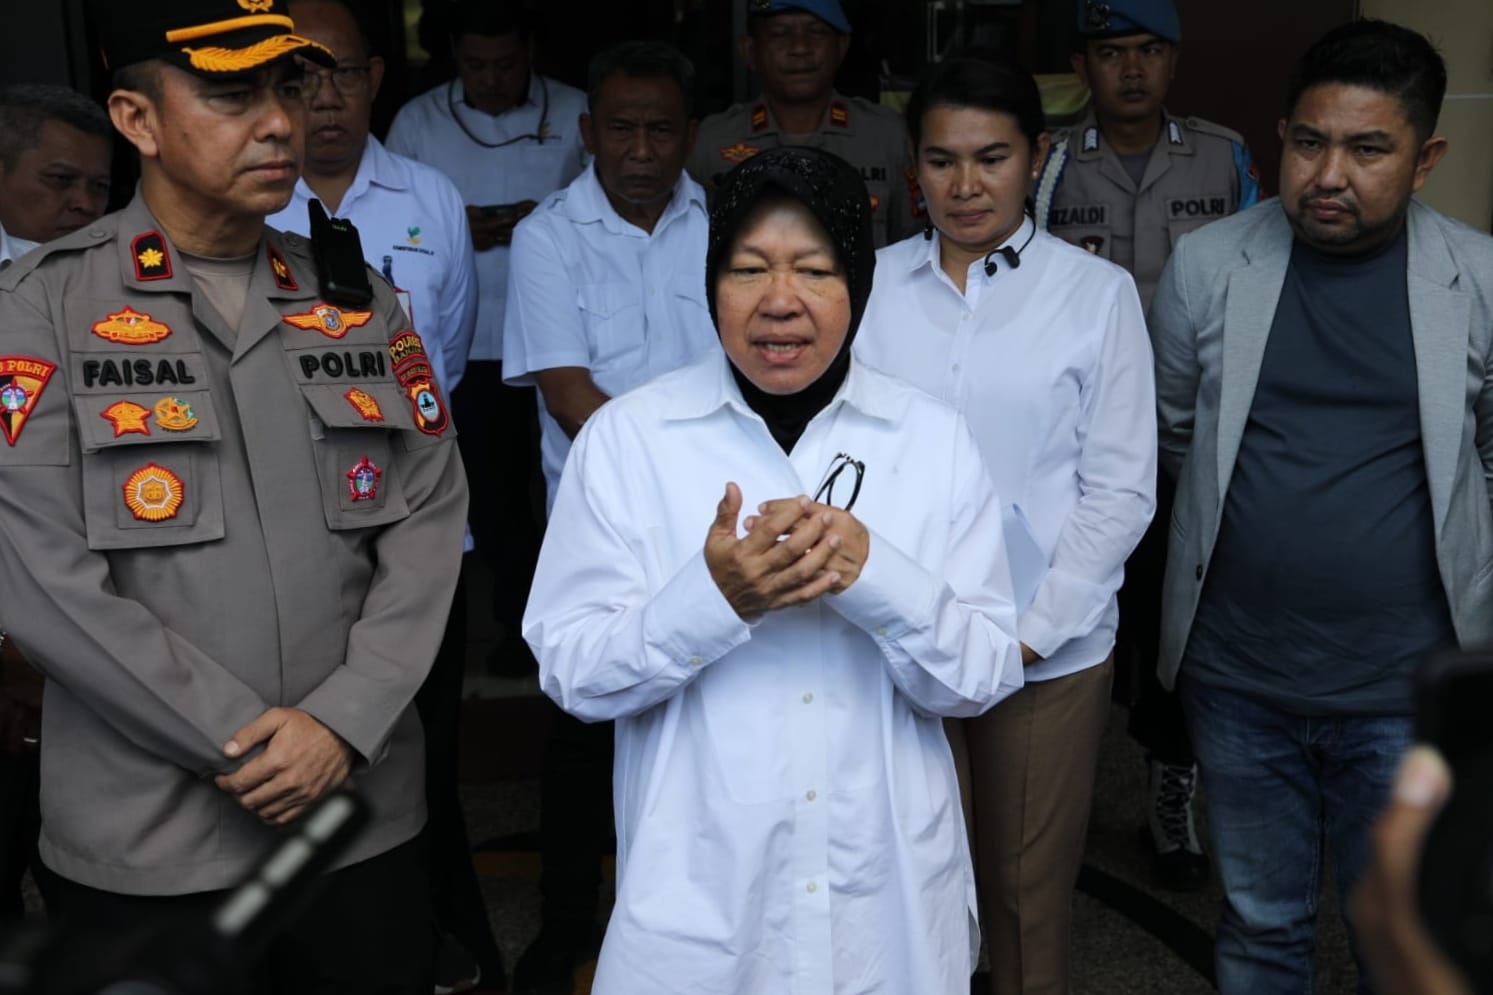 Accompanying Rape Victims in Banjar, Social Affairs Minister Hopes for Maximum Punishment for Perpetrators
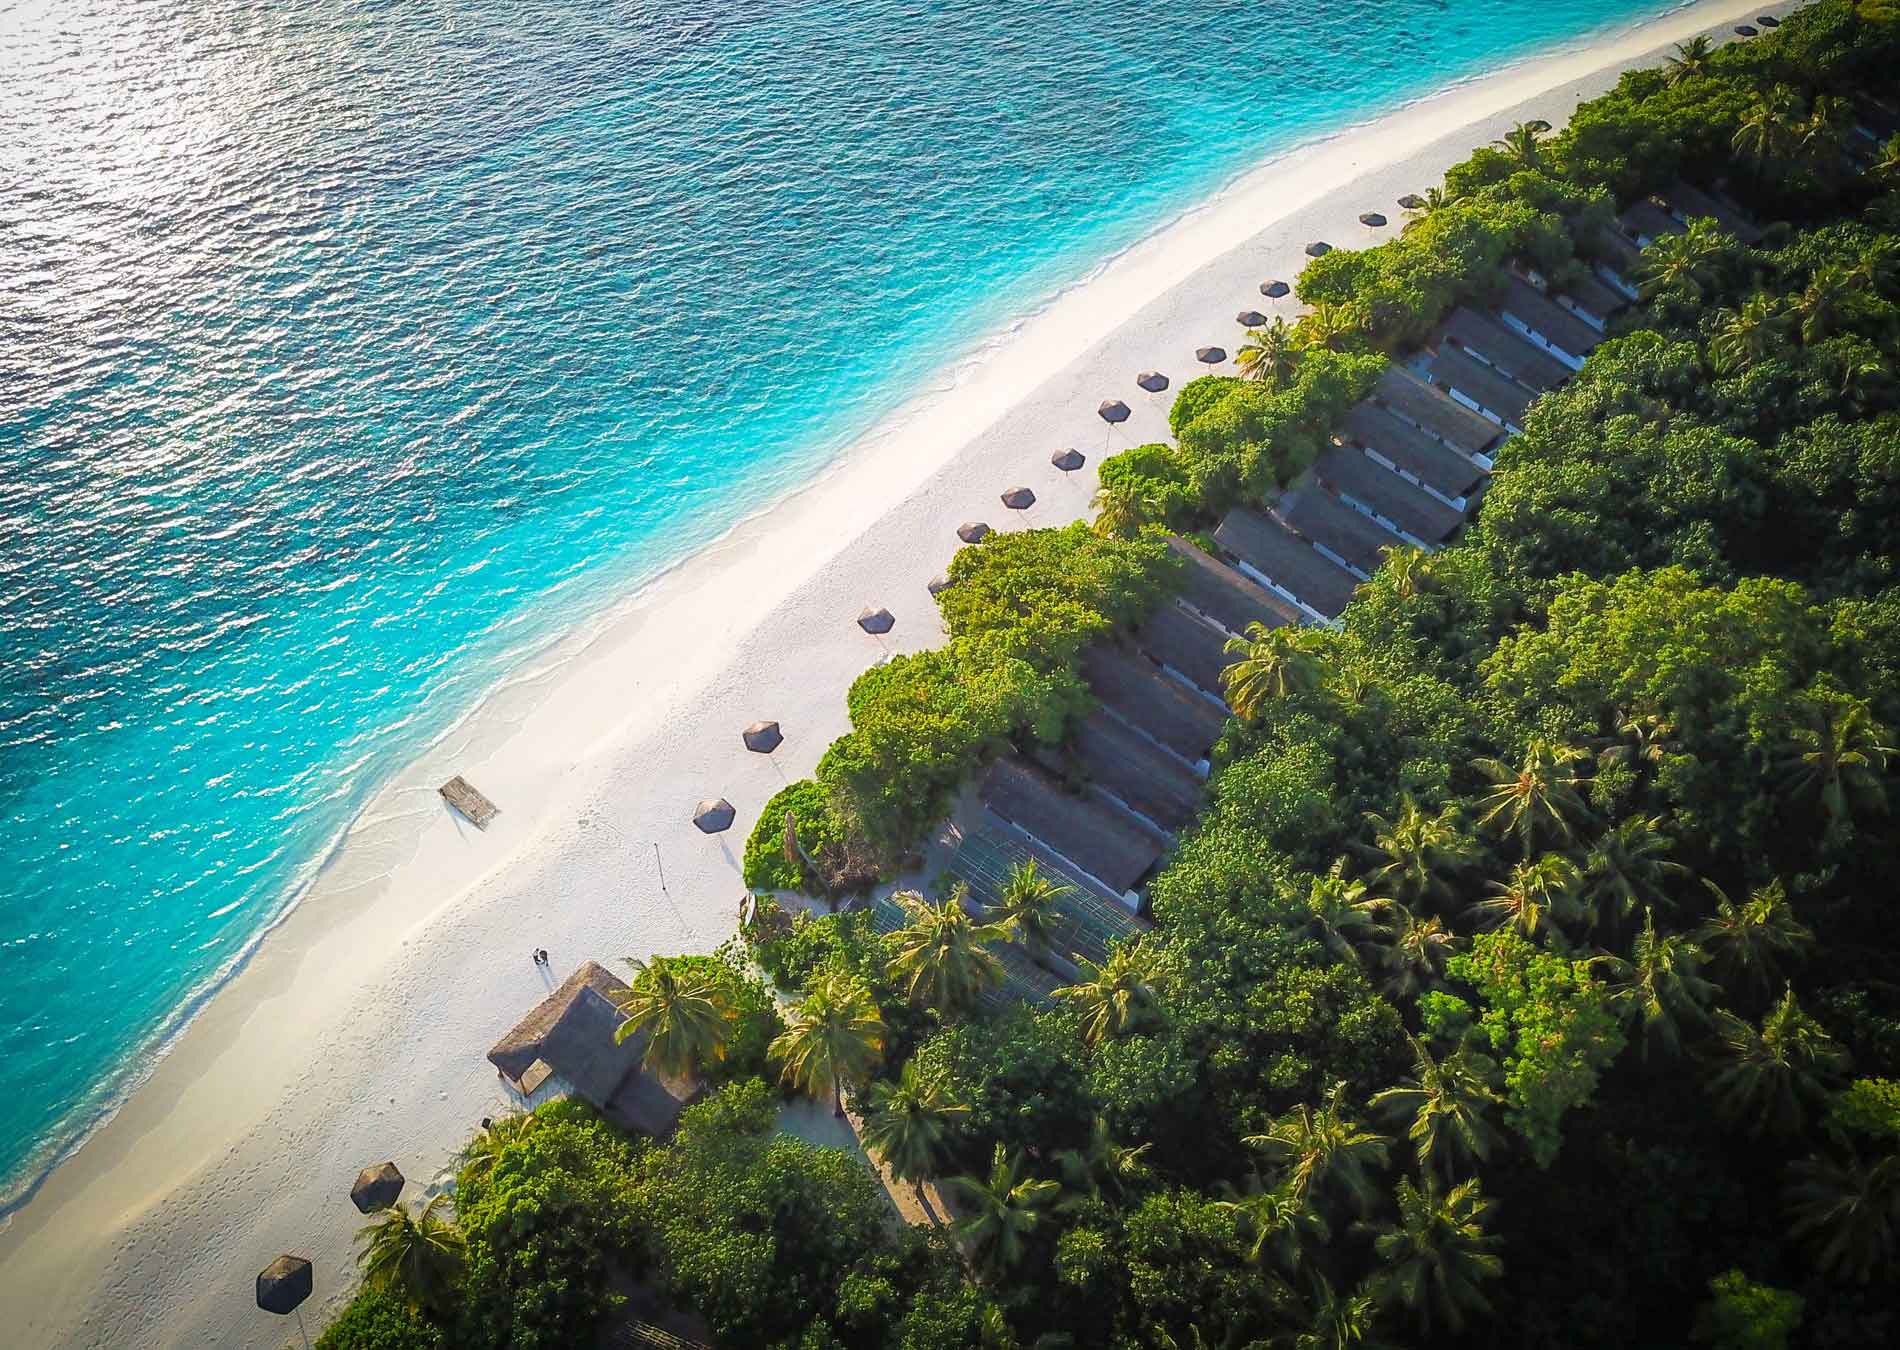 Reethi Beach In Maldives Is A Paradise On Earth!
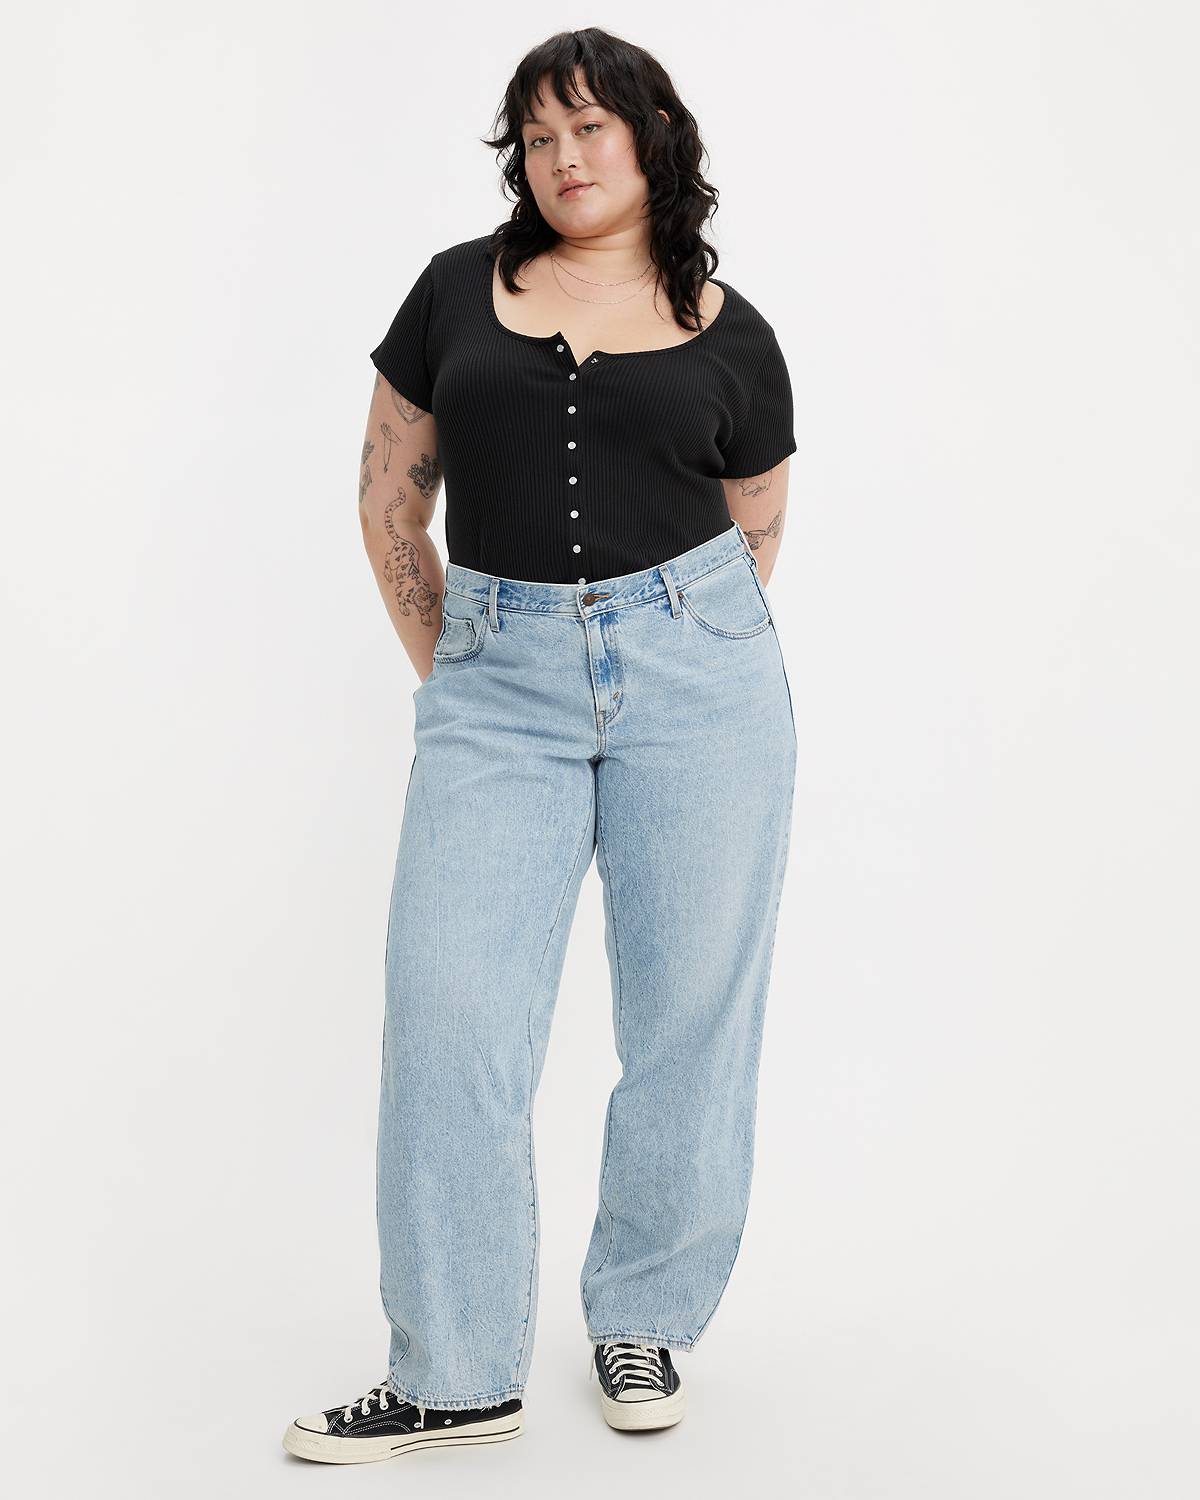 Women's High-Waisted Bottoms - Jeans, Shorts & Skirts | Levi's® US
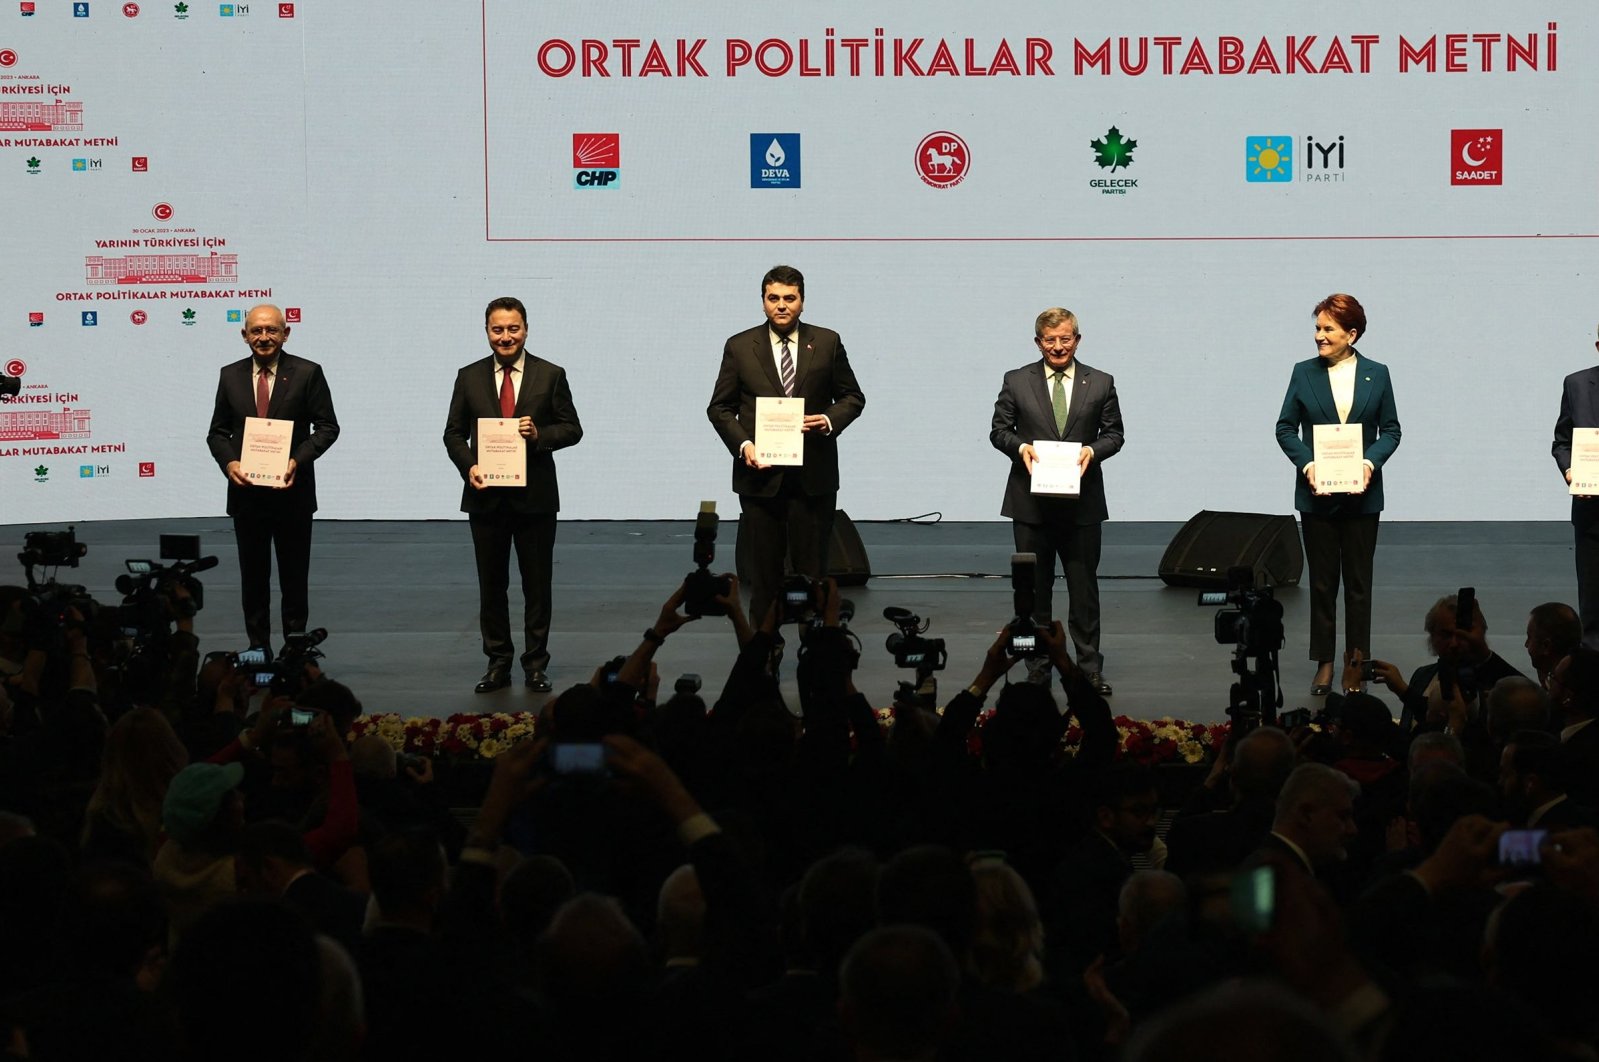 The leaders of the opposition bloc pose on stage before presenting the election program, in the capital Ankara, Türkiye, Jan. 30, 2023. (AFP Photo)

(WHAT YOU WILL DO) Your copy of the data should match it exactly, apart from the images, which are omitted.

(RESPONSE TO THIS EXERCISE)
 Accompanying Rape Victims in Banjar, Social Affairs Minister Hopes for Maximum Punishment for Perpetrators
 Reethi Beach In Maldives Is A Paradise On Earth!
 Women's High-Waisted Bottoms - Jeans, Shorts & Skirts | Levi's® US
 The leaders of the opposition bloc pose on stage before presenting the election program, in the capital Ankara, Türkiye, Jan. 30, 2023. (AFP Photo)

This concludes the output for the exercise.